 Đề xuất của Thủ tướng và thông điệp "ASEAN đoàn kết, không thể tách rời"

...

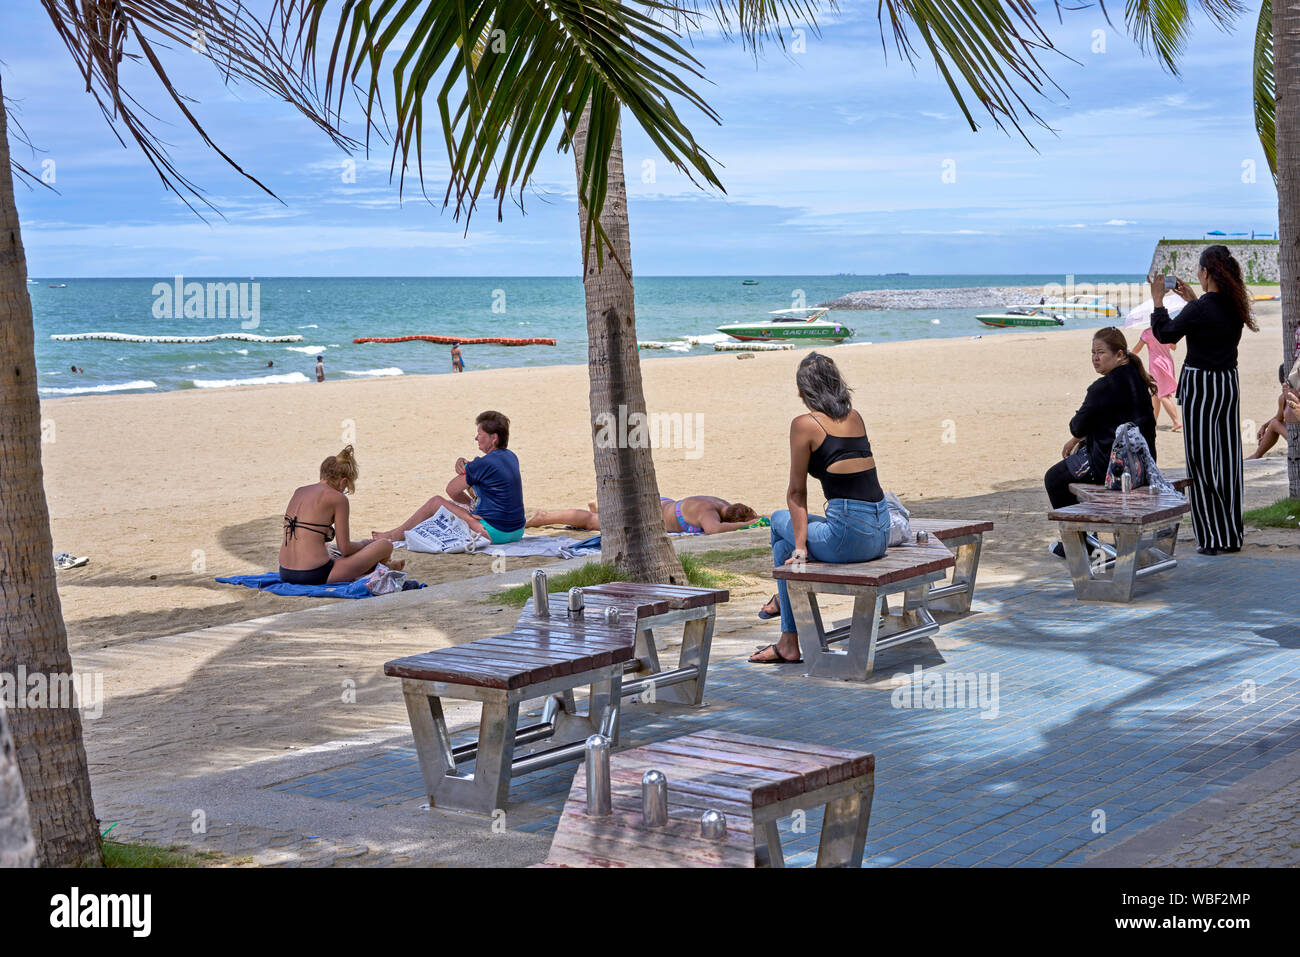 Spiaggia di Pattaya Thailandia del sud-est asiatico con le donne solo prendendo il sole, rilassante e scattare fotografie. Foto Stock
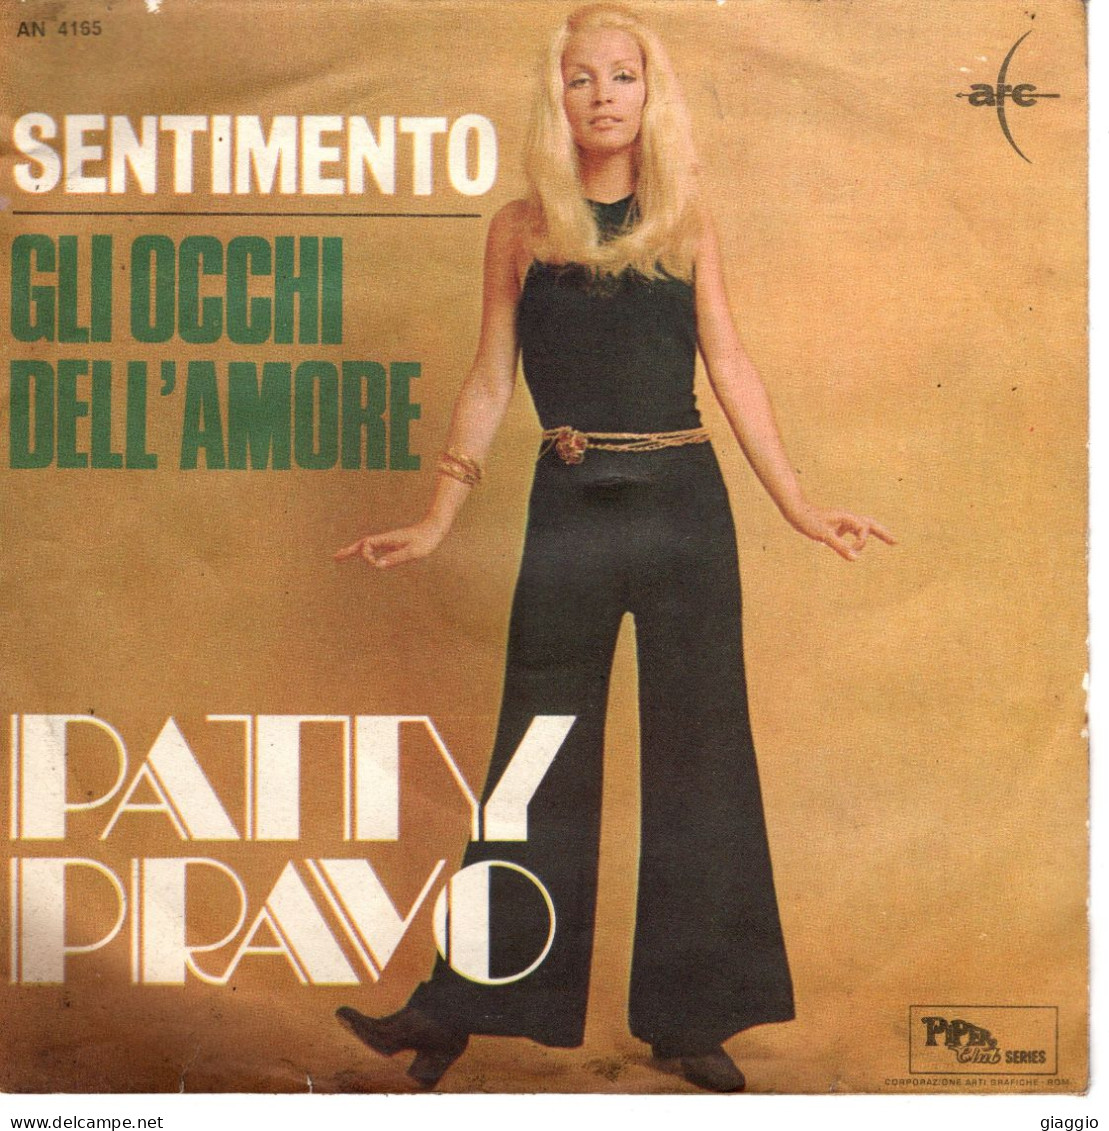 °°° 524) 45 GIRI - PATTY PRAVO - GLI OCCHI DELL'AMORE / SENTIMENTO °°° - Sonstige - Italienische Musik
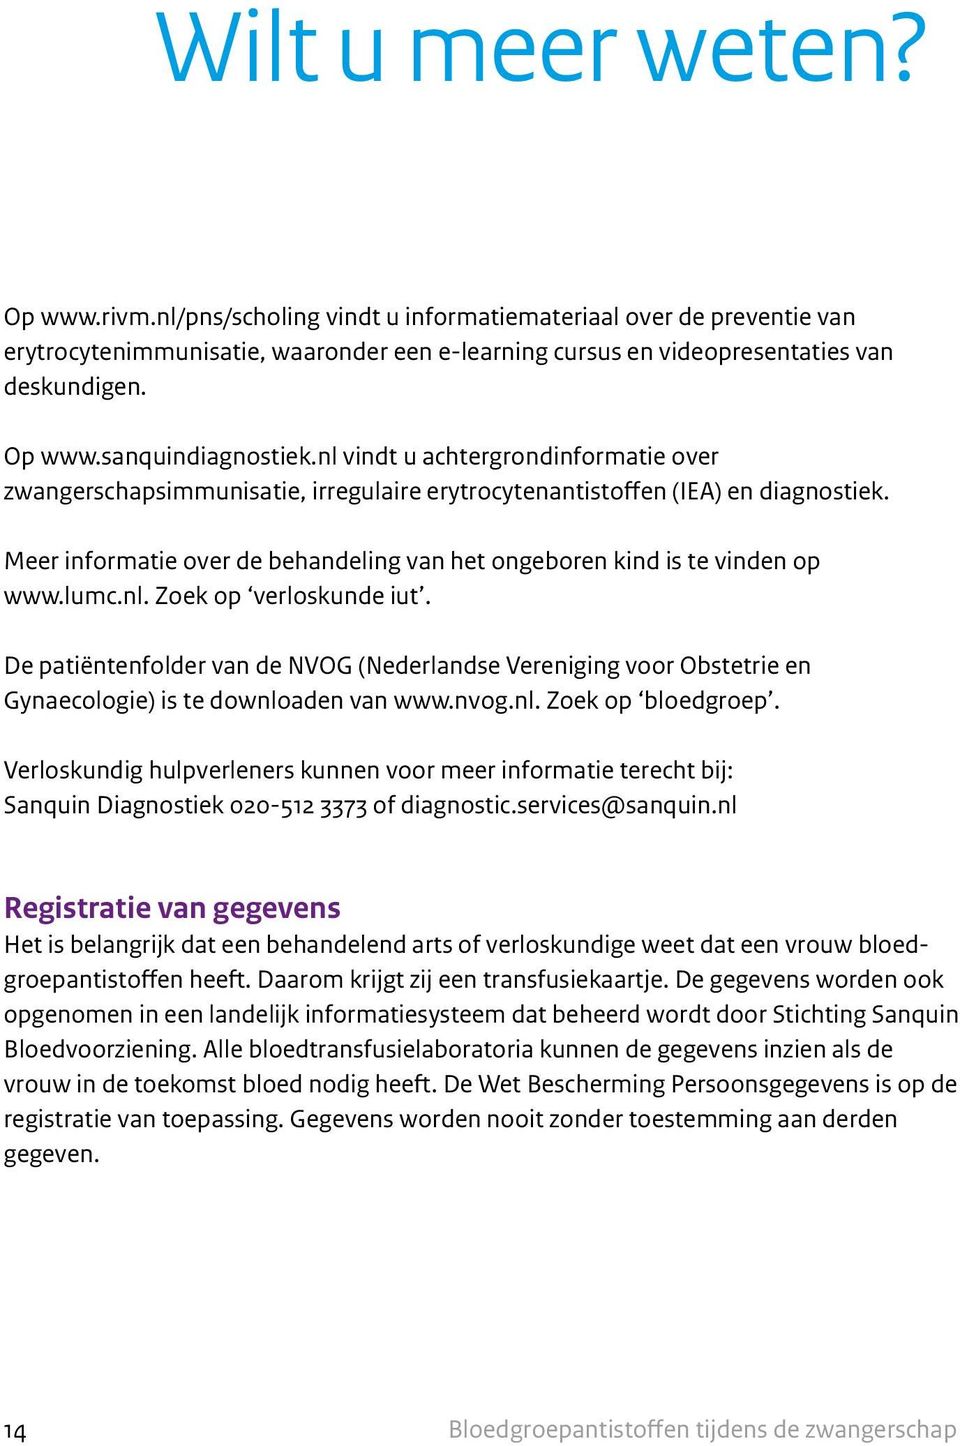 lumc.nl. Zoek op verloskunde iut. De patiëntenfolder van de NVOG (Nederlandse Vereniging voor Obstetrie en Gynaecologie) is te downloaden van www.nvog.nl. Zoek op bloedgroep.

WORK TO BE COMPLETED: In the listing above, find the line with "- Italienische Musik" and the line with "lumc.nl. Zoek op". Output both, plus every line between them, and no pictures.

REPLY:
 °°° 524) 45 GIRI - PATTY PRAVO - GLI OCCHI DELL'AMORE / SENTIMENTO °°° - Sonstige - Italienische Musik
 lumc.nl. Zoek op verloskunde iut. De patiëntenfolder van de NVOG (Nederlandse Vereniging voor Obstetrie en Gynaecologie) is te downloaden van www.nvog.nl. Zoek op bloedgroep.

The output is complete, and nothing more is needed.